A certain something happened recently that reminded me of a theory I've had bobbing around my mind lately. I'm not really ready to share it quite yet, but it involves word choice.

There's only so much space on a page and there's only so many pages in a book, right? Well, I suppose in this age of massive digital storage it's more appropriate to say that there's only so much interest one writer can devote to a book and similarly only a certain amount of interest that a reader is willing to commit to it. You don't have an infinite number of words you can put into a story so that means that the words you do put in are more valuable than the ones you don't, but how do you decide that value? What makes you go with A instead of B?


----------



## MineOwnKing (Jun 17, 2015)

It's great to have a thesauric vocabulary, but overdoing it can be jarring.

For example:_ Untenable_ is a great word but if _Flimsy _works well too then I would use flimsy instead.

Too many words that are outside the spectrum of daily usage can make the reader feel like you're looking down your nose at them.

2 pages of Moby Dick can give you enough thesauric fuel to blow the moon. Even though I love Moby Dick and really enjoy geeking out over the wide vocabulary, it does detract from the pace of the novel.

Moby Dick is an extreme example but I think you probably get my point.

Pace is important.


----------



## Lunaairis (Jun 17, 2015)

this reminds me of this--> 




Yes words are important, each word as a history and a meaning and that in conjunction the words can bring a reader into a different mindset as they read the page. 

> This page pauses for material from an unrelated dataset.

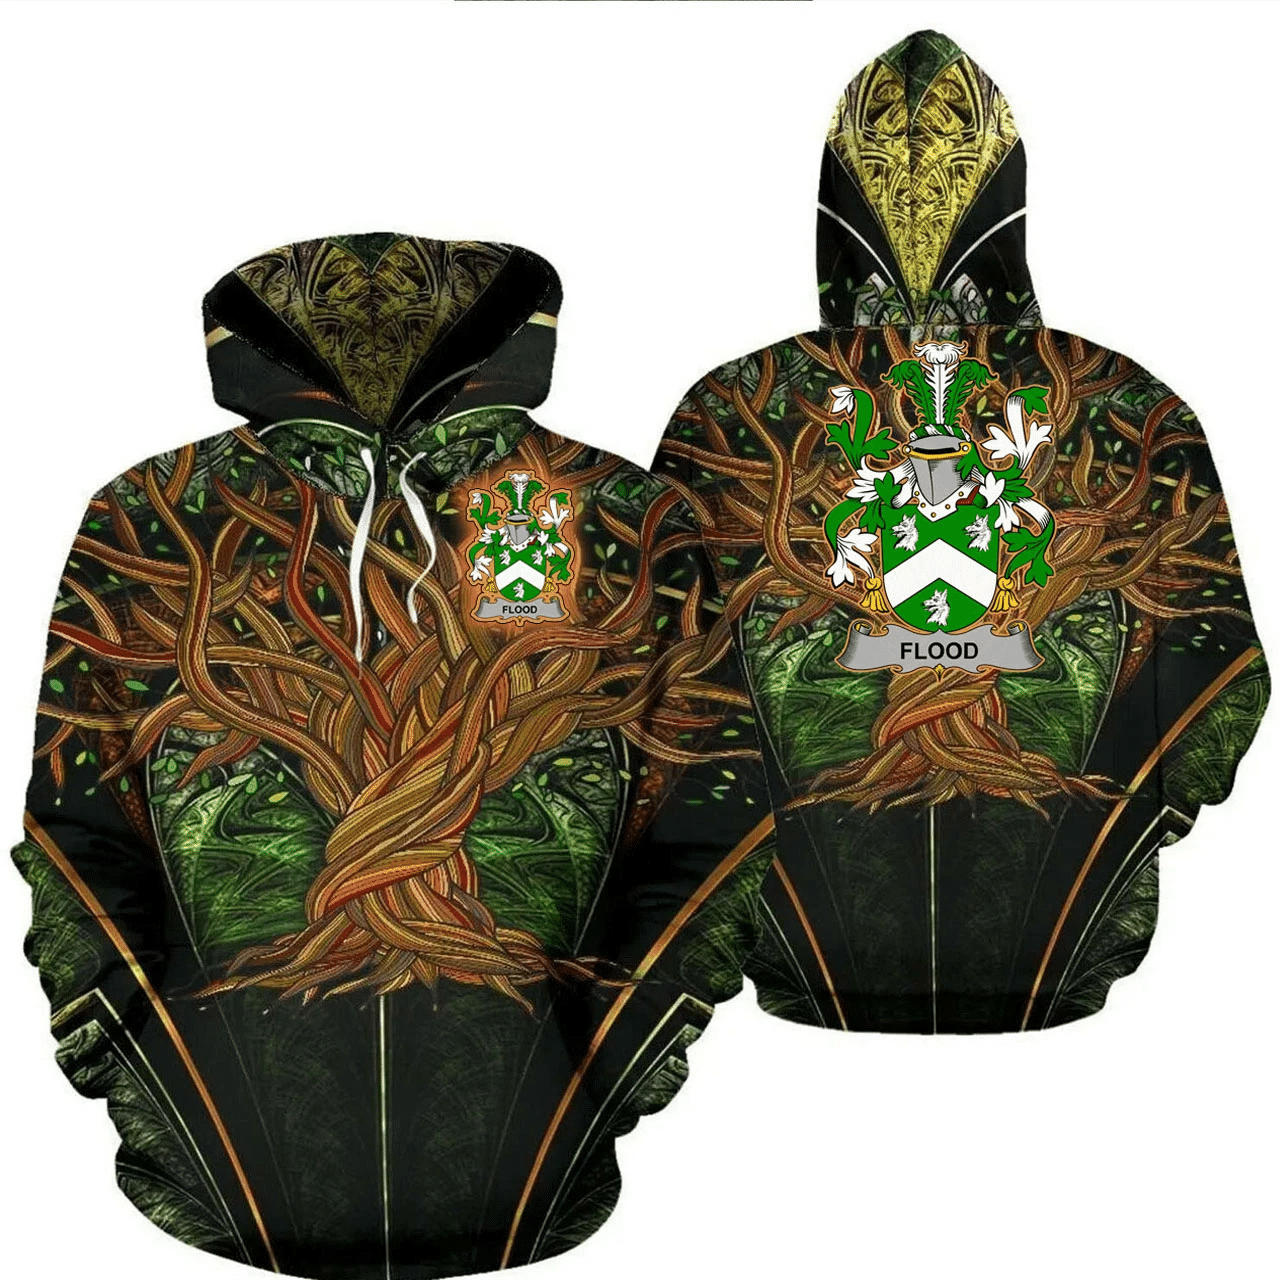 1stIreland Ireland Hoodie - Flood Irish Family Crest Hoodie - Tree Of Life A7

Its something important but not so important that you should worry about it on your first pass (or two) on a draft. But when you got back to edit one thing on your checklist should be "Do the words I use evoke the right feelings in this scene?"


----------



## stephenspower (Jun 17, 2015)

I think the best word is the simplest but also the most culturally relevant. For instance, I love how hobbits constantly use food imagery ("I feel thin. Like butter scraped over too much bread."). In addition, I think etymology matters too and can be a way to differentiate cultures and practices subtly. For instance, JK Rowling's fancy spells have Latin names, the homey spells have Anglo-Saxon names and the healing spells have Greek names.


----------



## Garren Jacobsen (Jun 17, 2015)

Queshire said:


> A certain something happened recently that reminded me of a theory I've had bobbing around my mind lately. I'm not really ready to share it quite yet, but it involves word choice.
> 
> There's only so much space on a page and there's only so many pages in a book, right? Well, I suppose in this age of massive digital storage it's more appropriate to say that there's only so much interest one writer can devote to a book and similarly only a certain amount of interest that a reader is willing to commit to it. You don't have an infinite number of words you can put into a story so that means that the words you do put in are more valuable than the ones you don't, but how do you decide that value? What makes you go with A instead of B?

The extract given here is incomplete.